Hospitals will be told to make urgent improvements if any department is providing poor care, under new Ofsted-style ratings prompted by the Mid Staffordshire NHS scandal.The "tough and rigorous" ratings will go further than Ofsted's single overall ranking for schools in England by giving an official assessment, from "inadequate to "outstanding", based on inspections of every department of every hospital.
The Care Quality Commission (CQC), which regulates NHS care, hopes the ratings will drive up standards and give patients and families a better insight into the quality of treatment they can expect from particular hospital services.
Under CQC plans being unveiled on Monday, inspectors will rate every department, as well as each hospital and hospital trust, as inadequate, requires improvement, good or outstanding. The changes will begin in October, with the first ratings published in December.
The switch from the CQC's widely discredited hospital monitoring system was ordered by the health secretary, Jeremy Hunt, in the wake of Robert Francis QC's report in February into events at Stafford hospital, where between 400 and 1,200 patients died unnecessarily as a result of poor care and neglect from 2005-2008.
Inspectors will examine if the care is safe, effective, caring and compassionate, well-led and responsive to patients' needs, and decide on a rating for each. They will examine if staff have breached any of 10 new "fundamental standards" of care, as suggested by Francis.
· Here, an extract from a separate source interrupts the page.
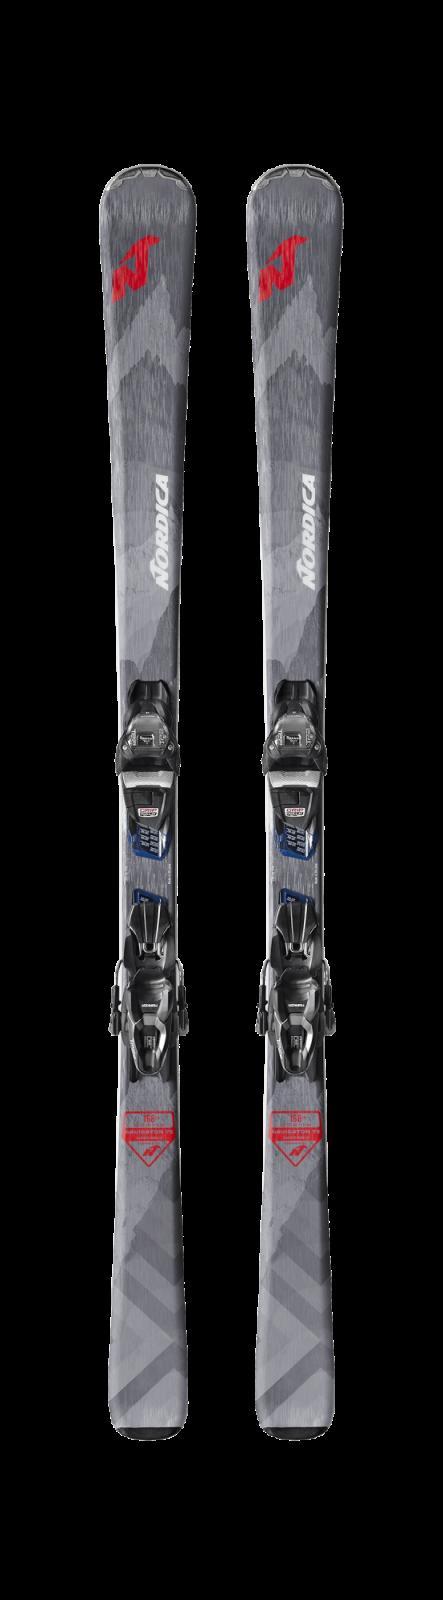 Nordica Navigator 75 CA Skis w/Bindings

Failings such as dementia patients being isolated in their rooms all day and not receiving support and stimulation, would be classed as a breach of the fundamental standards. Lapses such as a patient going thirsty because his or her water jug has not been filled, or hungry because staff have not helped with eating, would not necessarily on their own count as a breach, unless they were found to happen regularly or across a number of departments.